1. Use STIR's `find_fwhm_in_image` utility to estimate the point spread function (PSF) using the point source measurement


2. Use this PSF to deconvolve the OSEM reconstruction with the Richardson-Lucy (RL) algorithm

3. RL can result in noise amplification. Use a CIL algorithm (we recommend PDHG) to do total variation (TV) regularised deconvolution


4. Image guidance can improve the accuracy of reconstructions/deconvolutions. Use the T1 MRI image as guidance for deconvolution by implementing a directional TV. 

5. Proximal algorithms such as TV are used when our objective function in non-differentiable.
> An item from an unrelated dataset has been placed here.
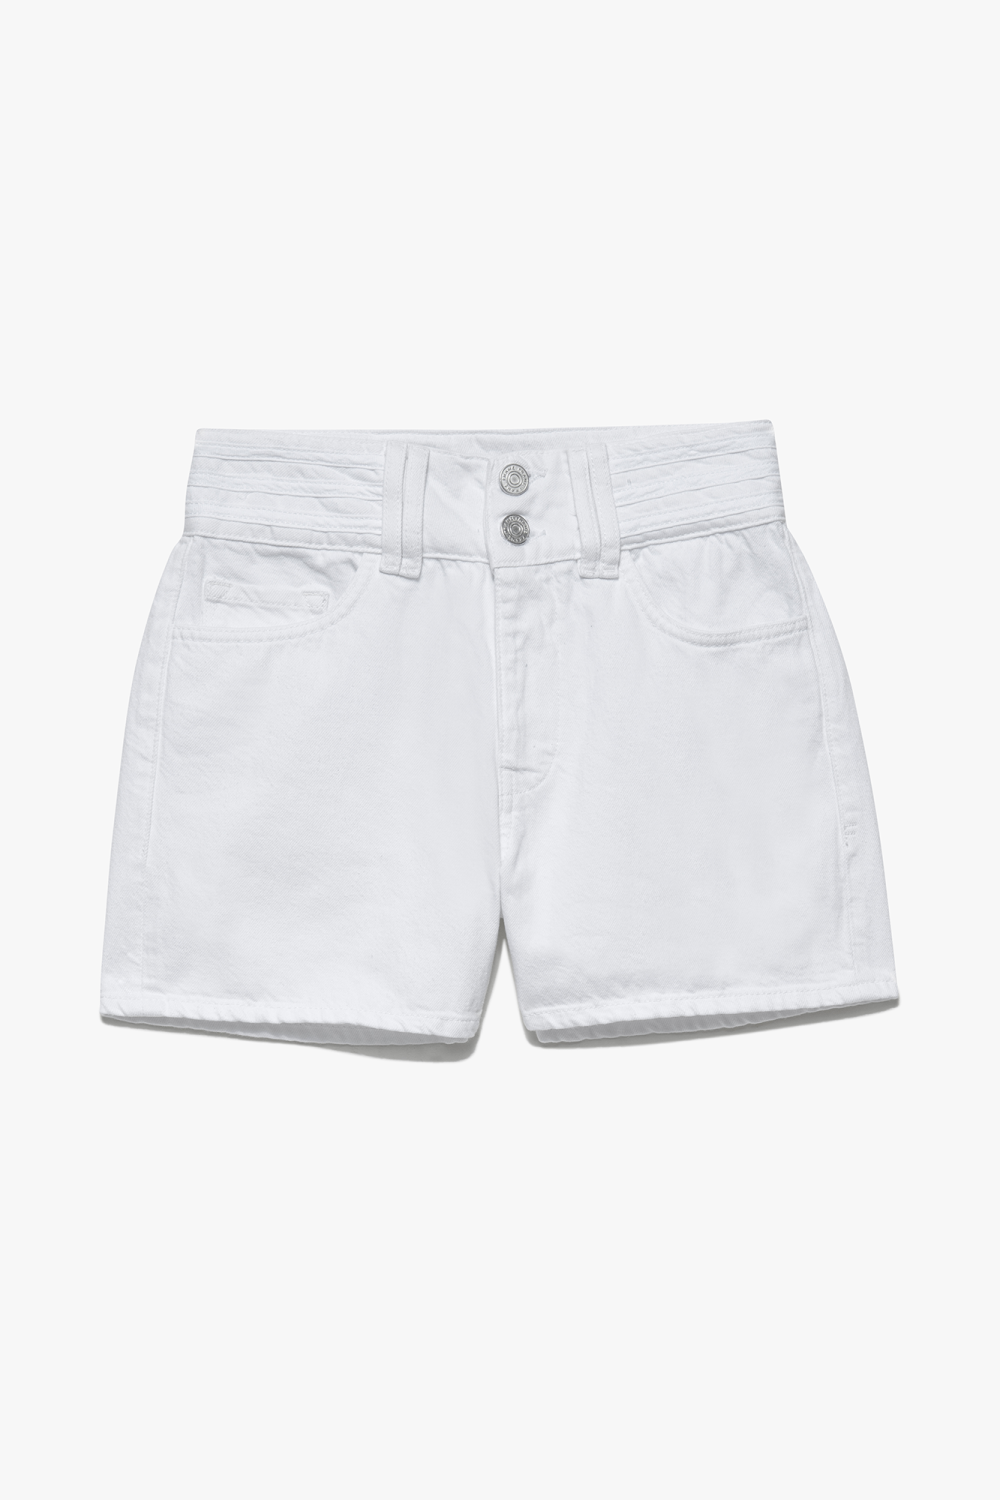 The Triple Binding Short from Frame is a high rise, white, five-pocket short with two front metal buttons, front pockets and belt loops. 
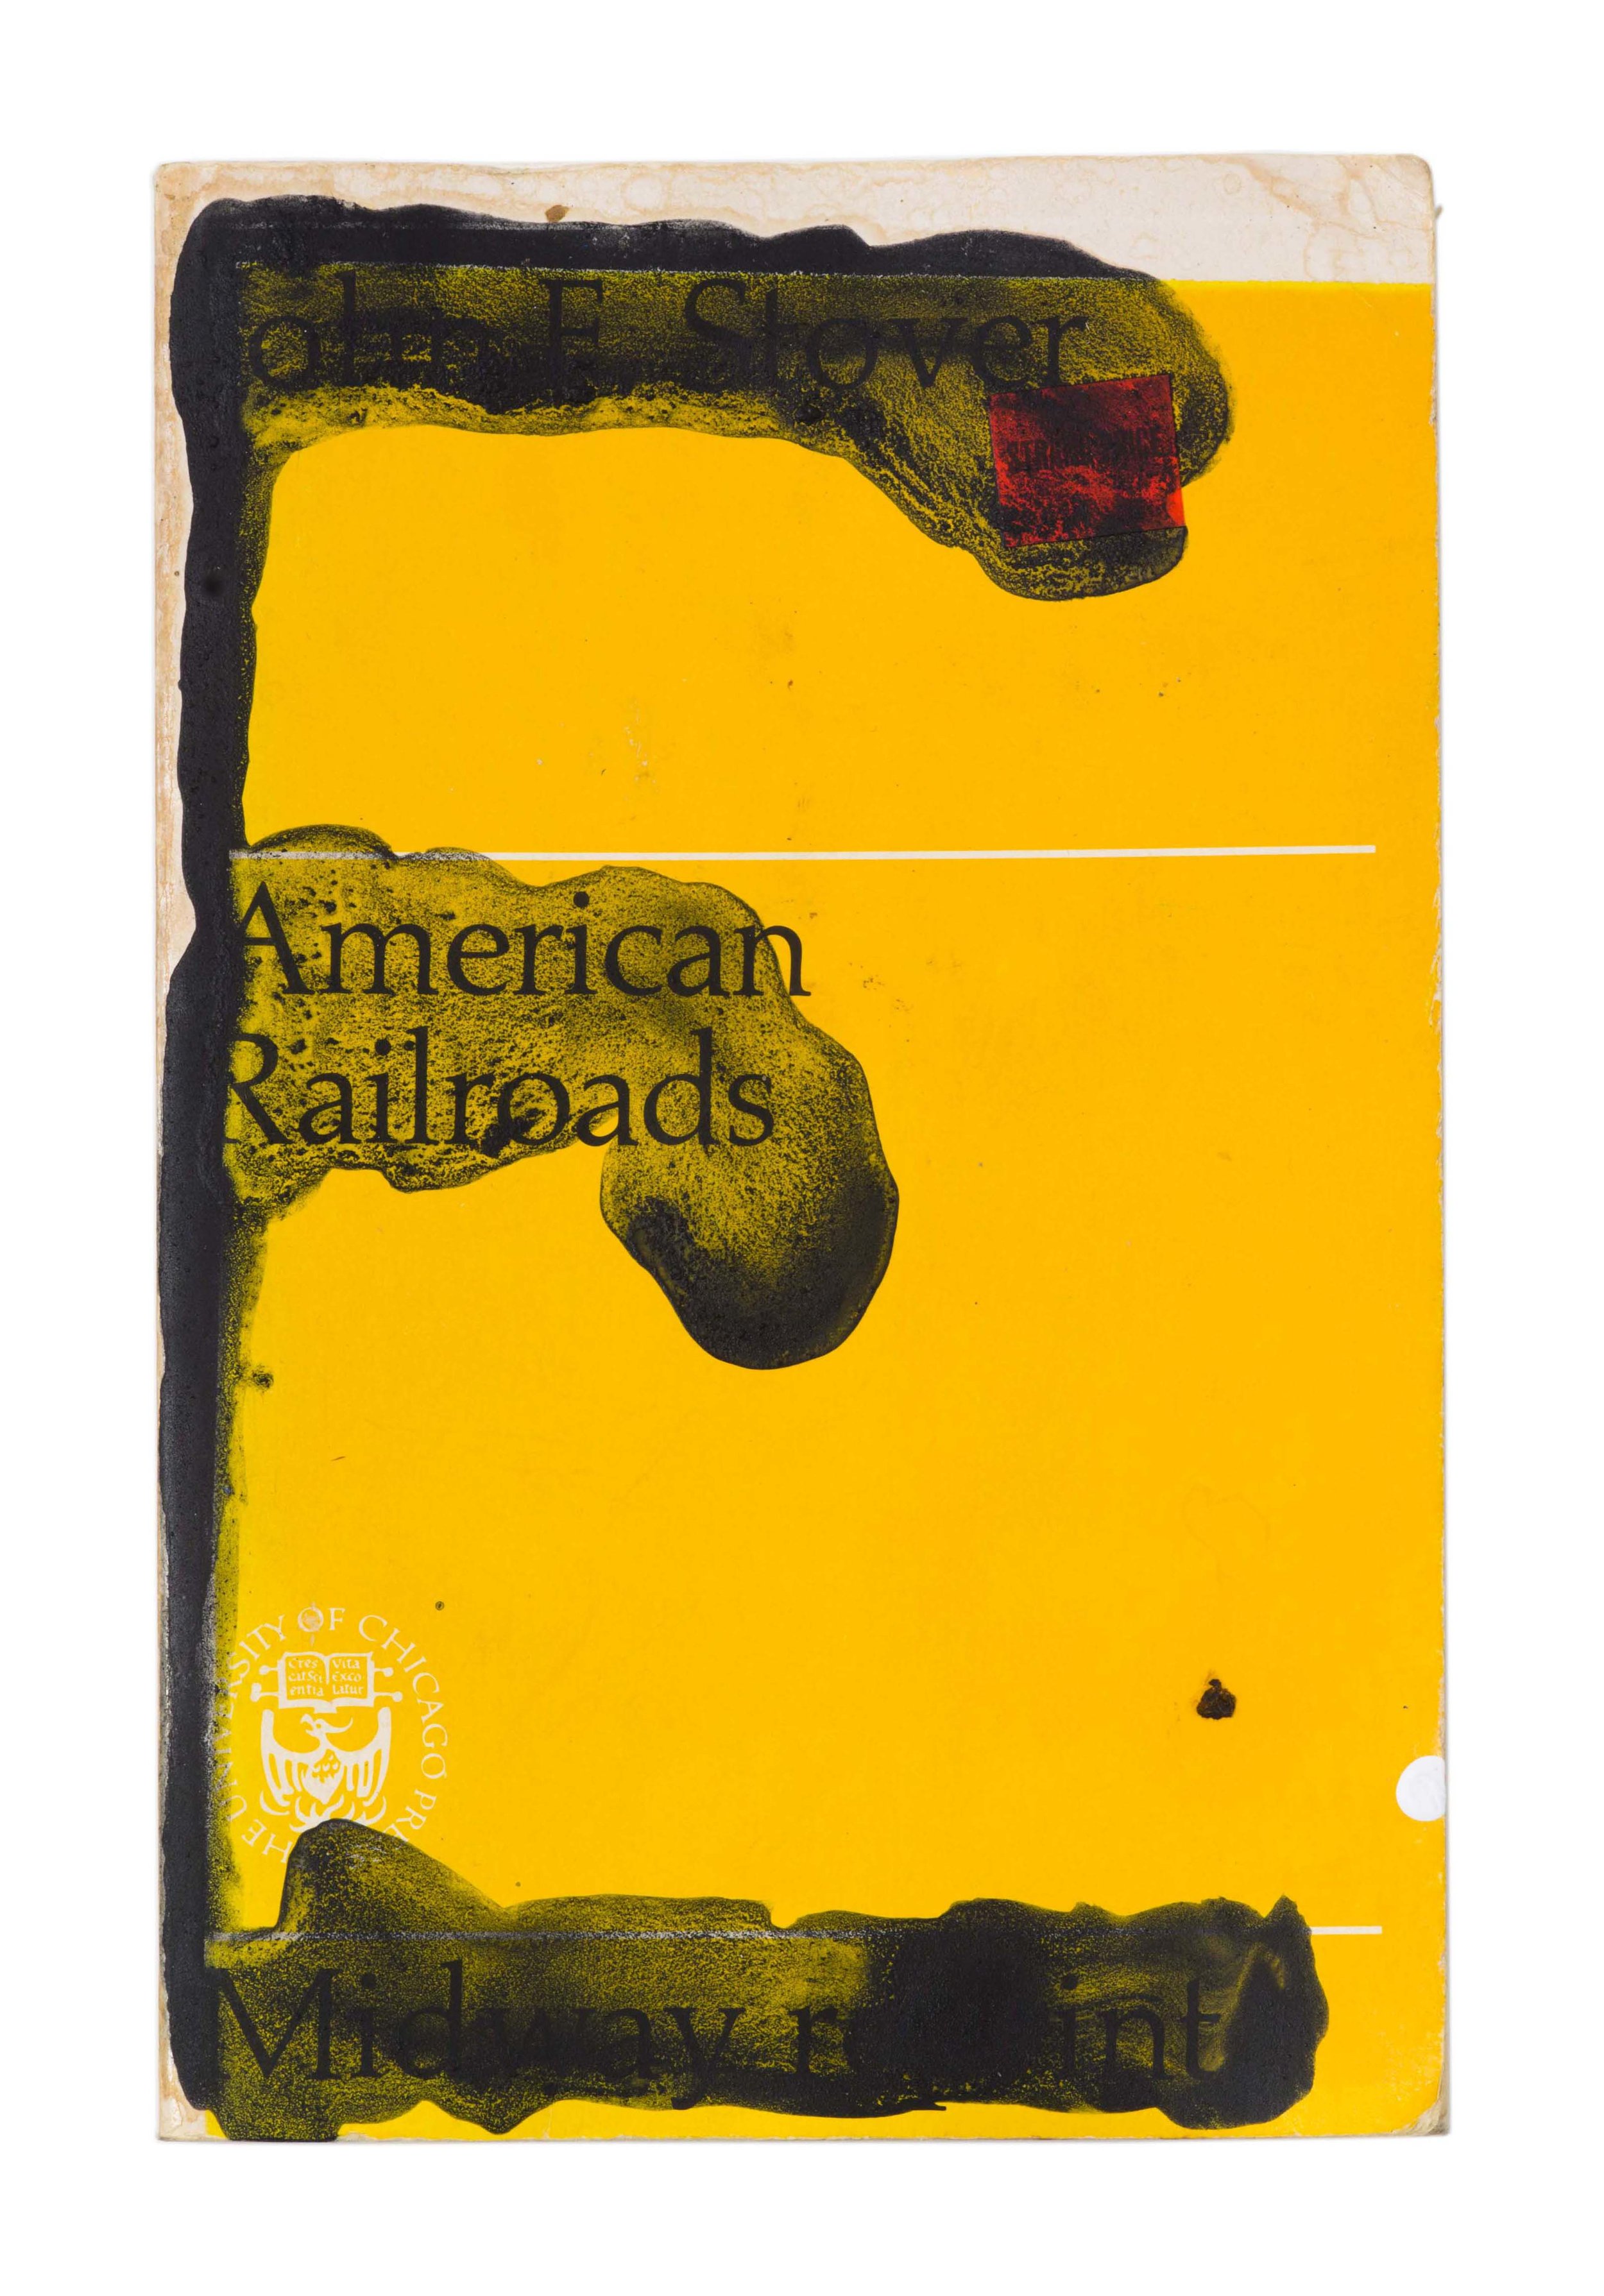  Drew Beattie and Ben Shepard  American Railroads   acrylic on used book 2016 8 ½ x 5 ½ inches

TV (and it's directional counterpart) can be smoothed and then used with gradient-based algorithms. Implement a preconditioned gradient descent algorithm using directional TV as a prior. Does this improve the convergence properties? Does smoothing the prior effect the solution?

6. What about when we have data from more than one modality? Can we use joint information to improve our resultant reconstructions? Implement a synergistic reconstruction and include Amyloid PET images in your deconvolution problem

In [None]:
# First we import the libraries we need

import numpy as np
import os
import subprocess
import re
import matplotlib.pyplot as plt

import sirf.STIR as pet

from cil.utilities.display import show2D
from cil.optimisation.operators import  BlurringOperator

import cil.optimisation.operators as op
import cil.optimisation.algorithms as alg
import cil.optimisation.functions as fn
import cil.framework as cil

msg = pet.MessageRedirector()

In [None]:
# some global variables to ensure we are using the same data everytime

noise_seed = 5
bw_seed = 1337

In [None]:
# Next we'll define a few functions that we'll use later on
# Some of these are redefined from the previous notebook and are included here for completeness
# You'll also be able to find them in helper_functions.py if you want to use them in other notebooks or scripts
# I haven't included any comments here as they can be found in helper_functions.py

def make_acquisition_model(template_sinogram, template_image, atten_image):

    acq_model = pet.AcquisitionModelUsingRayTracingMatrix()
    acq_model.set_num_tangential_LORs(10) 
    acq_asm = pet.AcquisitionModelUsingRayTracingMatrix()
    acq_asm.set_num_tangential_LORs(10)
    acq_model.set_acquisition_sensitivity(pet.AcquisitionSensitivityModel(atten_image, acq_asm))
    acq_model.set_up(template_sinogram,template_image)

    return acq_model

def find_fwhm_in_image(file_path):
    
    result = subprocess.run(['find_fwhm_in_image', file_path], capture_output=True, text=True)
    if result.returncode != 0:
        print("Error running command:", result.stderr)
        return None
    fwhm_regex = r"The resolution in (.*) axis is ([\d.]+)"
    matches = re.findall(fwhm_regex, result.stdout)
    fwhm_values = {axis: float(value) for axis, value in matches}

    return fwhm_values

def fwhm_to_sigma(fwhm):
    
    return fwhm / (2 * np.sqrt(2 * np.log(2)))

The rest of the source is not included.